Cox Author Showcase: 6 Authors, 6 Genres on BooksAndGuidesPro

Cox author showcase — six authors across romantasy, physics, fiction, ministry, and horticulture

Of the thousands of authors catalogued on BooksAndGuidesPro, the Cox surname turns up across nearly every shelf in the building. A dystopian-romance debut. A century-old gardening compendium. A landmark popular-physics book by one of the most familiar science communicators of our time. A 77th-edition preaching reference that pastors still keep on their desks. This guide is a tour of the six Cox authors in our catalog — what each one wrote, why it still matters, and where to start.

Browse all Cox author pages from the BooksAndGuidesPro main catalog, or jump to whichever name on the list below catches your eye.

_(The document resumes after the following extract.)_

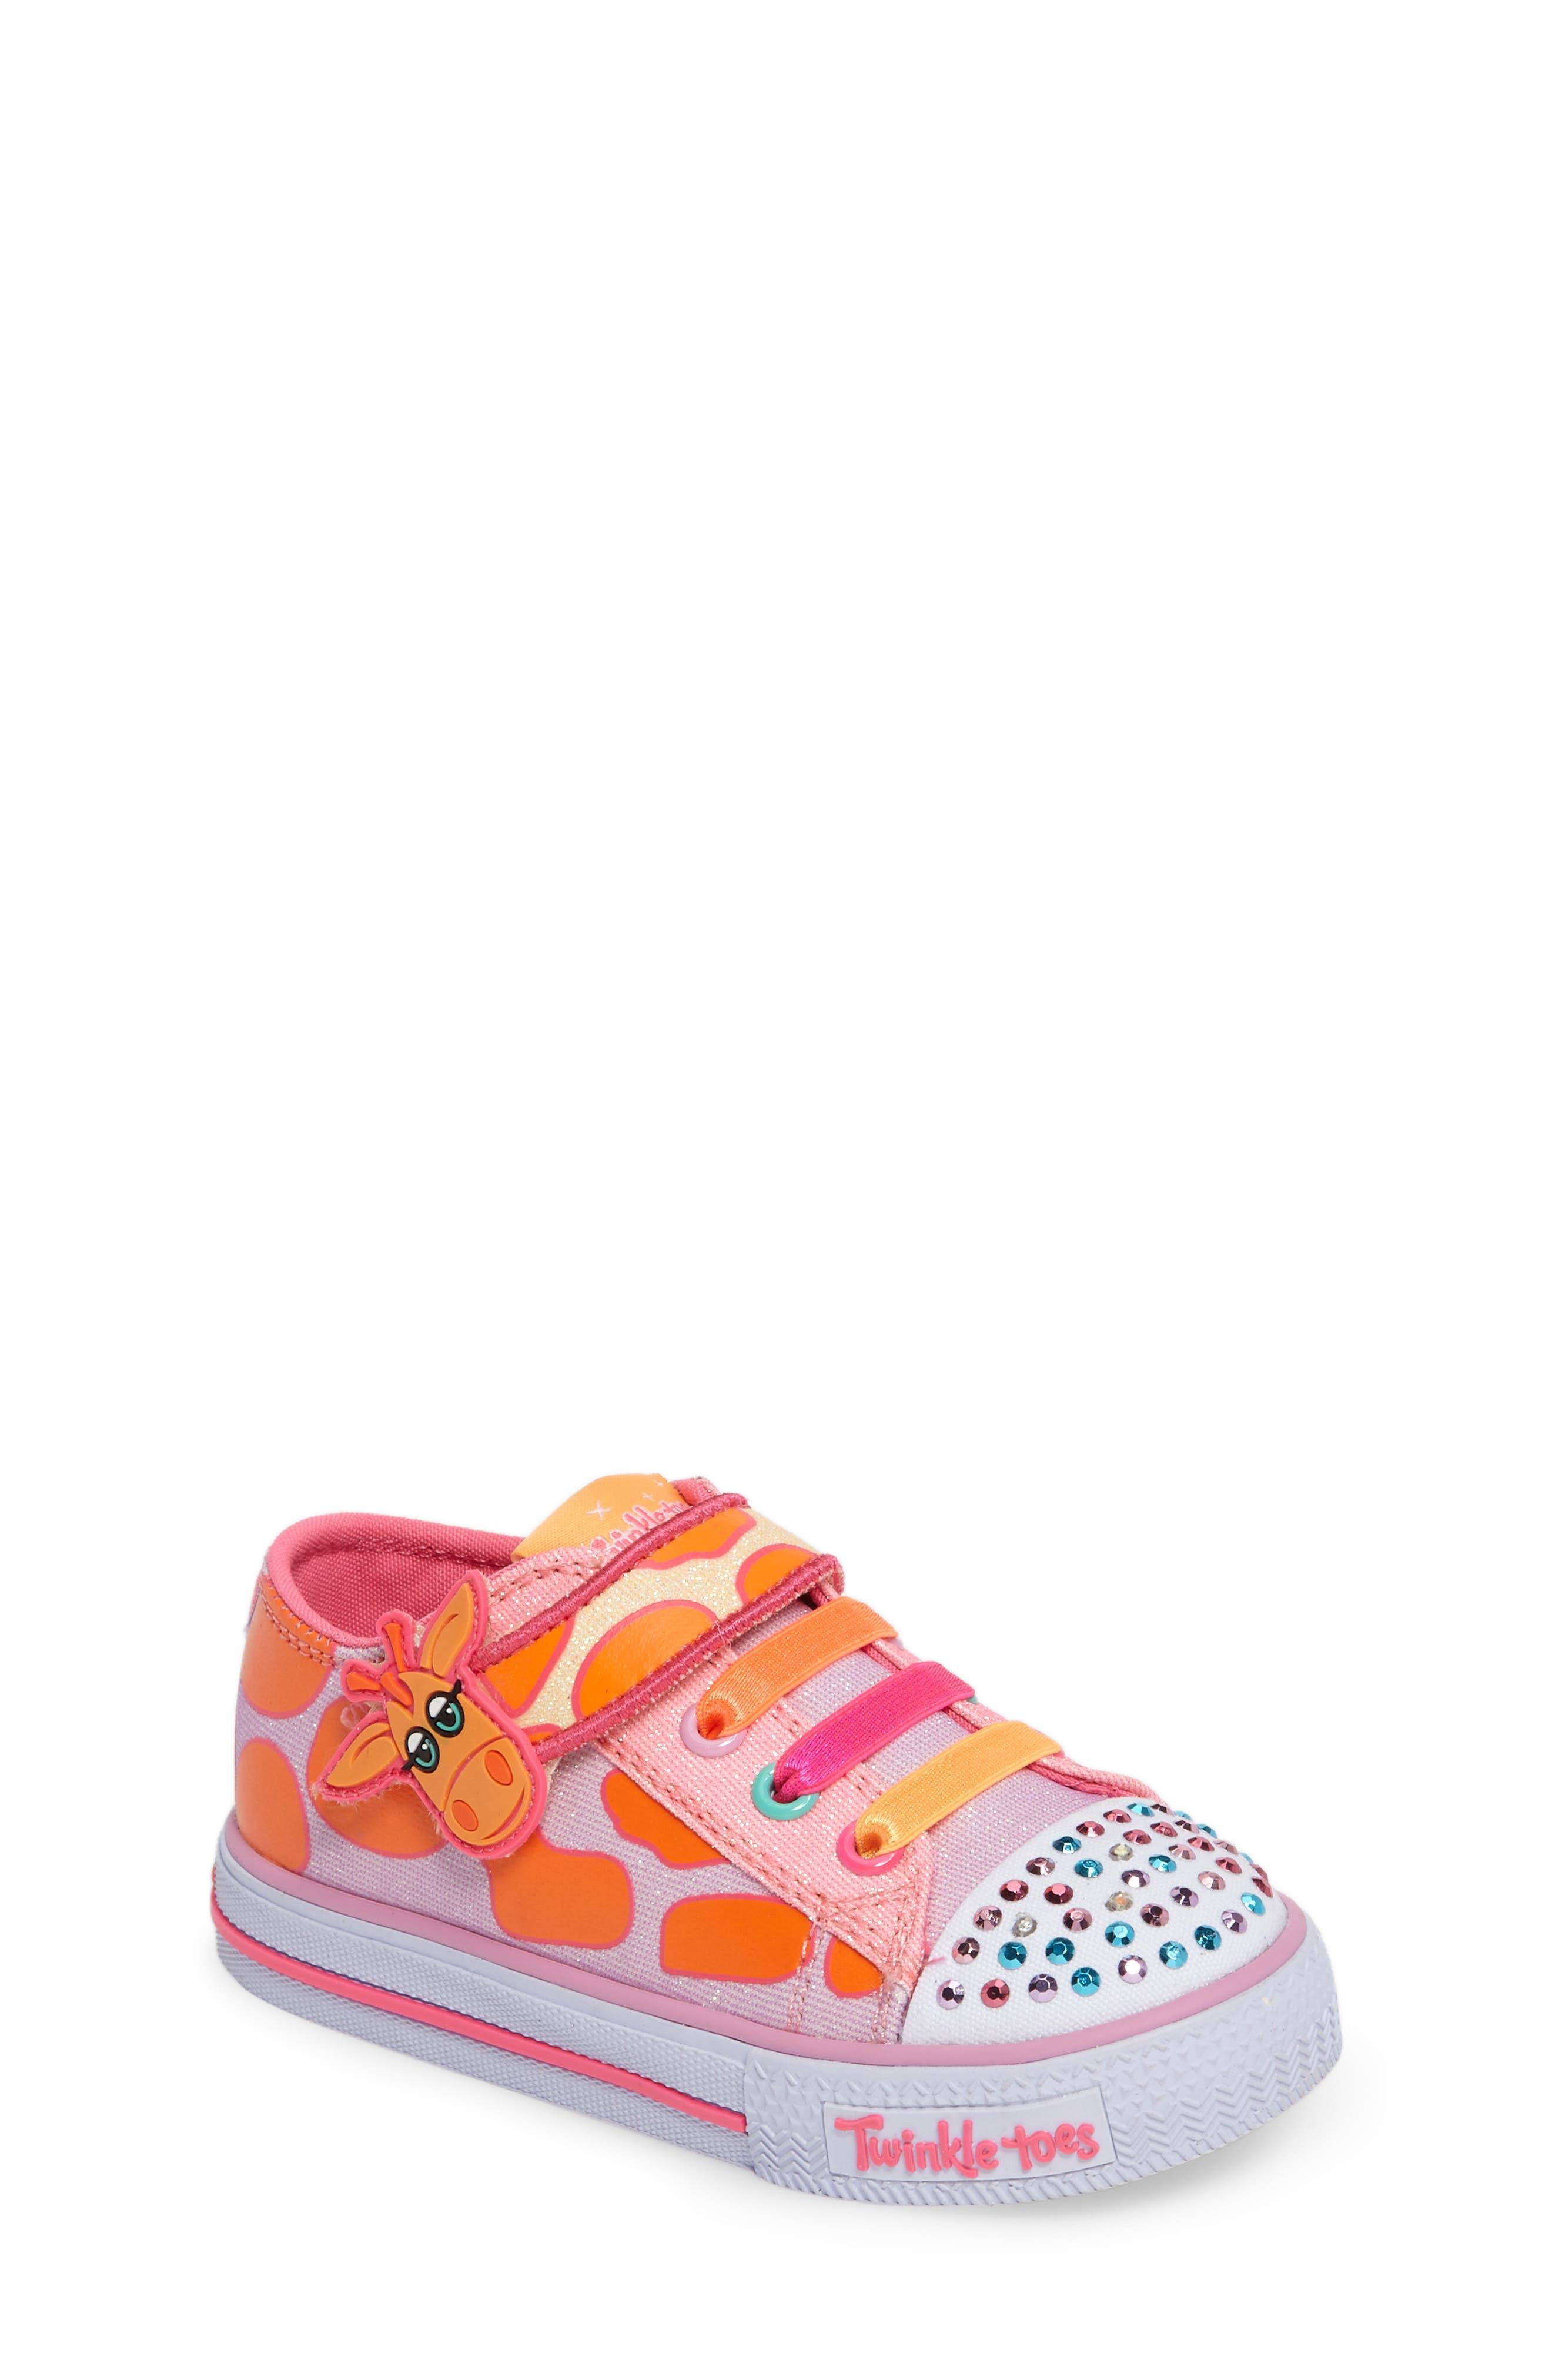 SKECHERS Shuffles - Party Pets Sneaker
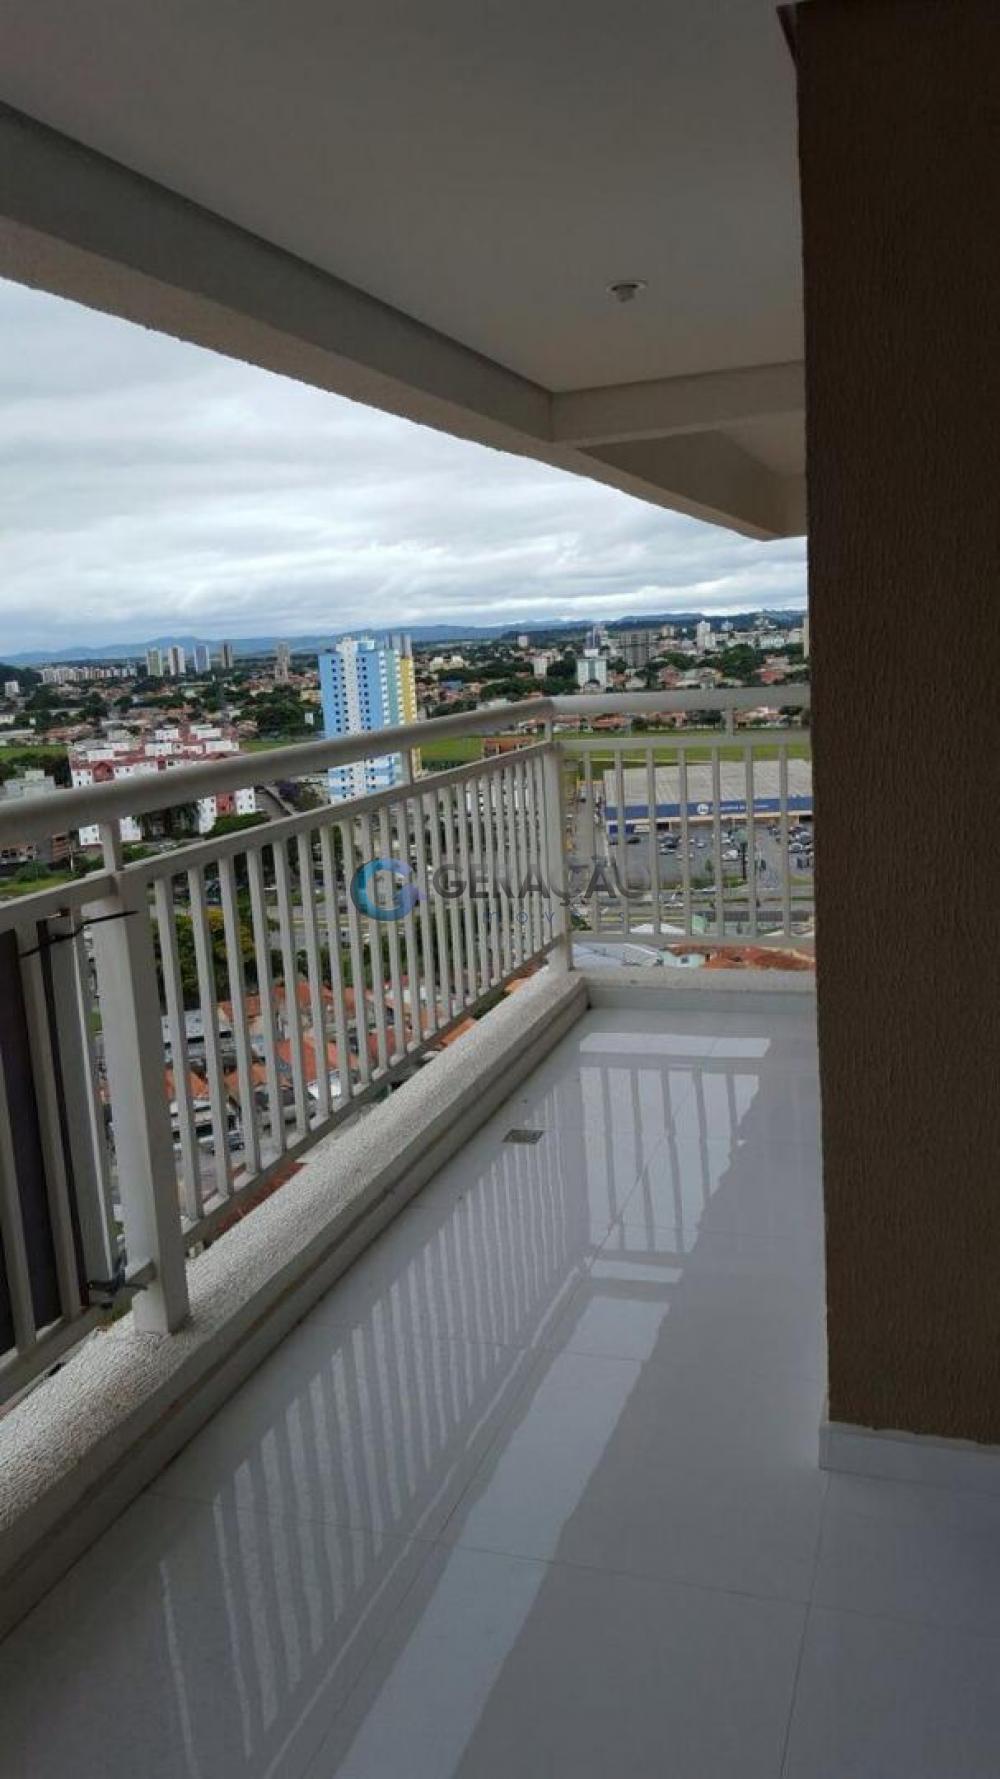 Alugar Apartamento / Padrão em São José dos Campos R$ 2.300,00 - Foto 2

The six Cox authors on BooksAndGuidesPro

Simoan Cox — dystopian romance with teeth

Simoan Cox is an emerging voice in contemporary erotica and dark romantasy, known for sensual storytelling that pulls real emotional weight out of fantasy settings. Her catalog on BooksAndGuidesPro currently centers on one title — and it is a debut worth opening.

The Crown of Rust (2025)

The Crown of Rust opens with a line that tells you exactly what kind of book you are about to read: She’ll bleed for one wish. He was built to make sure no one ever wins it.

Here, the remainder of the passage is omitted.